DETAILED ACTION
Notice of Pre-AIA or AIA Status
The present application, filed on or after March 16, 2013, is being examined under the first inventor to file provisions of the AIA .
Acknowledgment
Claim(s) 1, 17 are amended and filed on 12/4/20255.
Claims 2-3 are canceled and claim 21 is newly added.
Claim Rejections - 35 USC § 102
The following is a quotation of the appropriate paragraphs of 35 U.S.C. 102 that form the basis for the rejections under this section made in this Office action:
A person shall be entitled to a patent unless –
(a)(1) the claimed invention was patented, described in a printed publication, or in public use, on sale, or otherwise available to the public before the effective filing date of the claimed invention.
Claim(s) 1, 4-5, 11-21 is/are rejected under 35 U.S.C. 102(a)(1) as being anticipated by Burkholz et al. (US. 20190321599A1) (“Burkholz”).
Re claim 1, Burkholz discloses a vascular access system (Fig. 1a-2d, ¶0038) comprising: a catheter adapter (12, ¶0039) comprising a body (body of 12) and a catheter (20, ¶0039) configured to be inserted into a patient's vasculature (¶0046), the body having a distal end (close to 14) and a proximal end positioned opposite the distal end (close to 34); and a blood collection device in fluid communication with the catheter (collection that can be connected to 46, ¶0047), the blood collection device comprising a flow restriction device (clamp 39 and tube 44, ¶0045) configured to reduce a blood collection flow rate to be equal to or less than a blood supply flow rate of a patient's blood vessel (the clamp can block or reduce the flow), wherein the flow restriction device comprises a flexible extension set including tubing (44, ¶0046) and wherein an inner diameter and length of the tubing is configured to reduce the blood collection flow rate ( length of 44 and inner diameter with regards to clamp 39 is capable to reduce the blood collection flow rate, Fig. 1b).
Re claim 4, Burkholz discloses wherein the flow restriction device is configured to reduce a max shear stress compared to a max shear stress of the catheter (the length and inner diameter of 44 are capable to reduce the max shear stress as the diameter and length as the shear is related to the length and inner diameter and fluid viscosity).

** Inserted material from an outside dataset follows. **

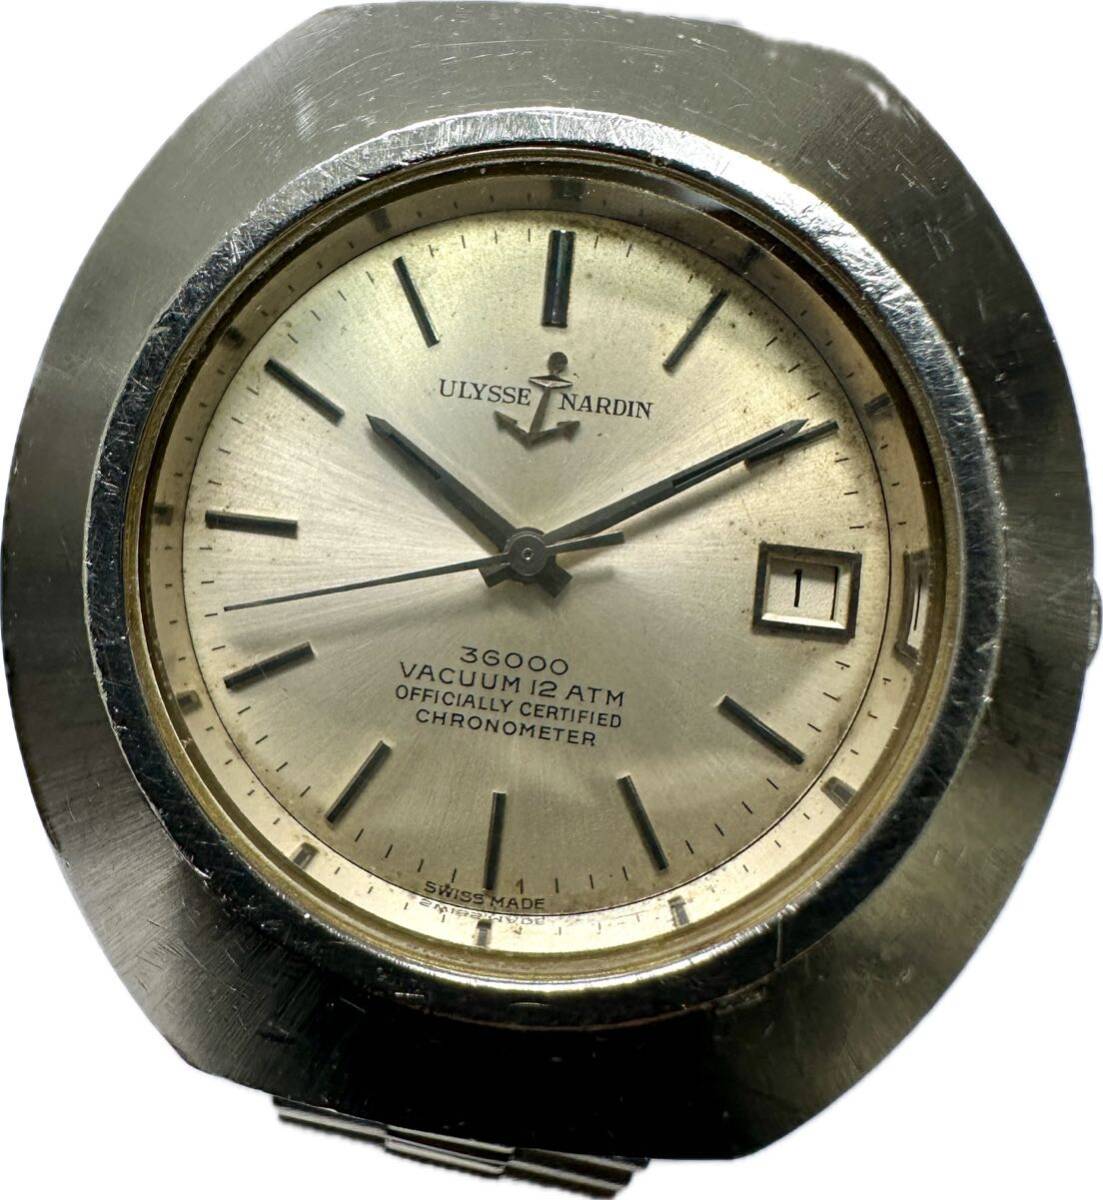 1 jpy ~ Y rare rare Ulysse Nardin vacuum 36000 Chrono meter Fujitsubo men's self-winding watch Date antique clock 62251466

Re claim 5, Burkholz discloses wherein the flow restriction device has a geometric factor, Gf, configured to deliver a predetermined blood collection flow rate reduction, wherein Gf=L/D4, wherein L is a length of a flow path of the flow restriction device, and wherein D is an inner diameter of the flow restriction device (length of 44 and diameter of 44 has geometric factor that is capable to deliver a predetermined blood collection flow reduction).
Re claim 11, Burkholz discloses wherein the blood collection device comprises a luer lock access device configured to receive an evacuated blood collection container (46, ¶0047).

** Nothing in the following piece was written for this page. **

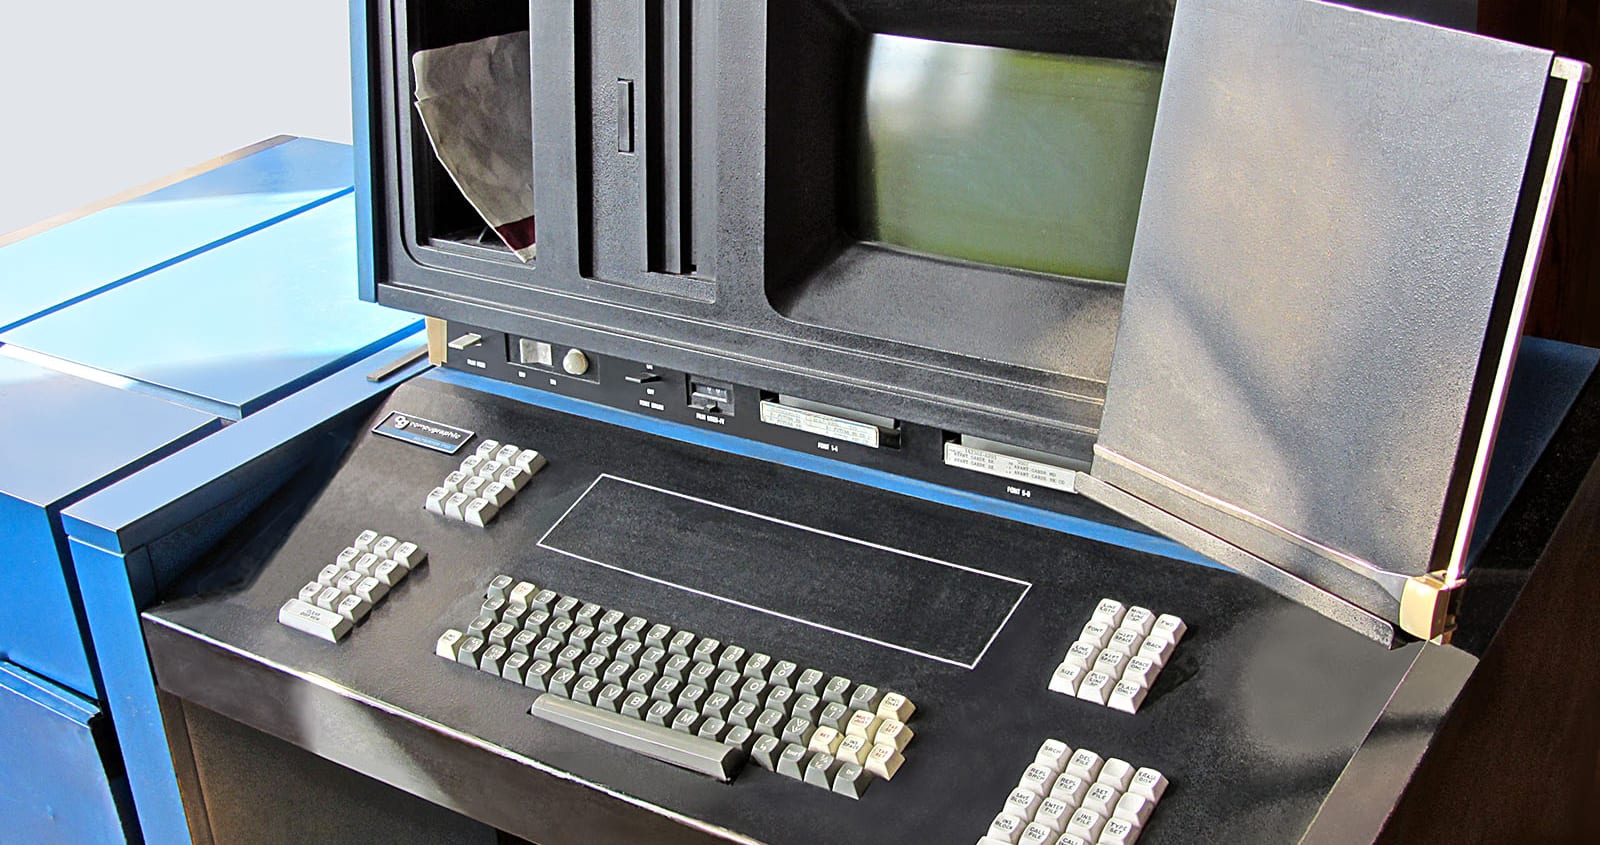 Photo of a Compugraphic EditWriter 7500

Re claim 12, Burkholz discloses wherein the blood collection device comprises a luer connector configured to be connected to a syringe barrel (46, ¶0047, infusion means or collection device can be a syringe).
Re claim 13, Burkholz discloses further comprising an instrument advancement device (48, 24, 50, ¶0050)coupled to the catheter adapter, wherein the instrument advancement device comprises an instrument (24, 50, and wherein the instrument advancement device is configured to advance the instrument from a retracted position to an advanced position beyond a distal end of the catheter (¶0050).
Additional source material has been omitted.